10.  Impairment or handicap. Symptoms of Asperger disorder have to be severe enough to cause significant impairment in every day life. Simple examples would include having to attend a special education class, inability to participate in community activities without extra support, serious problems with behaviour (such as disruptive or aggressive behaviour), or serious impact on family life.

[This last  "disruptive or aggressive behaviour, or serious impact on family life"  is also the main criteria for the need for behavioural help.   It is even more likely that the problem is one of "behaviour management" rather than Aspergers if your son functions well, fairly normally,  in any situation outside the home where he has to interact with others.   If he can do this, say, for periods at school, or when he is with grandparents or other relatives, when he is with a child minder, or at an after school club etc, then this tells you that his problem is  "situation specific".

What this means is that the behaviour is far more pronounced or specific to particular places, or with particular people (i.e. the parents)  which in turn, in my view,  clearly means that the child is far LESS LIKELY to have any internal problem like Aspergers

In fact behaviour being "situation specific",   in my view, rules out, or puts in doubt either

  • the diagnoses of a more serious condition itself or

  • the diagnosed condition being the main cause of the     problem behaviour at home

    11.  Pragmatic language impairment. This could include difficulty with eye contact, greeting, holding conversations, adjusting what you see based on different situations, or even recognizing what situation you are in (formal, informal, casual, intimate).
    [Significant if he has this - but do not confuse this with his inability to understand why he should not do something or his use of irrational arguments or temper to make his point - these are typical  "bad behaviours".]

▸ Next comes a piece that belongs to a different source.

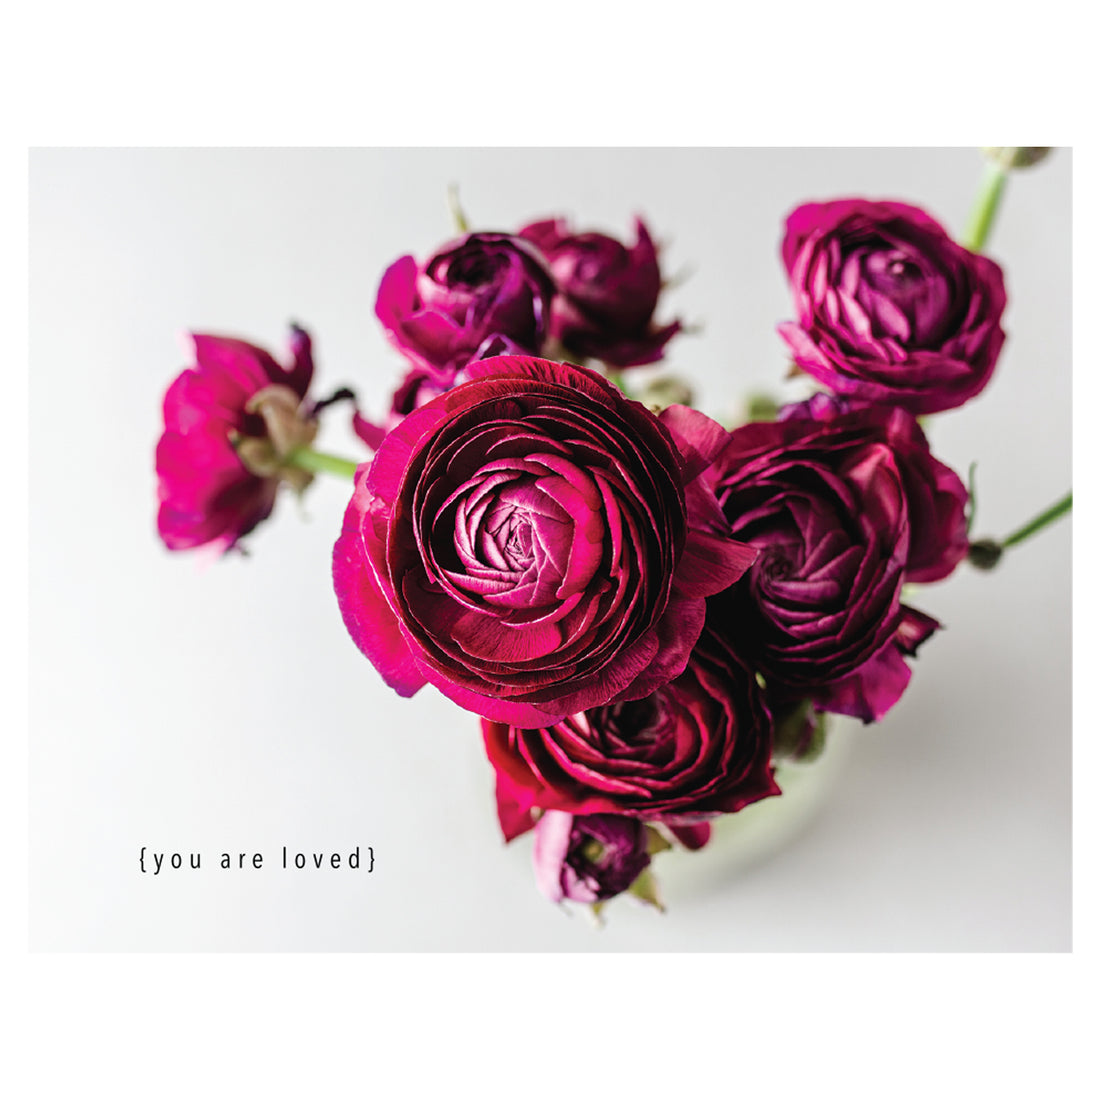 Purple roses in a vase with a Loved Greeting Card interior, conveying the message &quot;you are loved&quot; through delicate design and captivating photography by Hester &amp; Cook.

    12.  Semantic impairment.  The term "semantics" has to do with the meaning of language, which is often different from the "literal" meaning of words.  Typical problems include not getting jokes, taking speech literally (not understanding figures of speech), or insistence on following literal rules.
    [Not understanding simple jokes is significant.  Taking speech literally is also significant but should not be confused with the child's deliberately taking what you say literally when they know full well what you really mean.   Also many children are not good at accepting jokes at their own expense.]

    I hope this helps.  All the best for the future.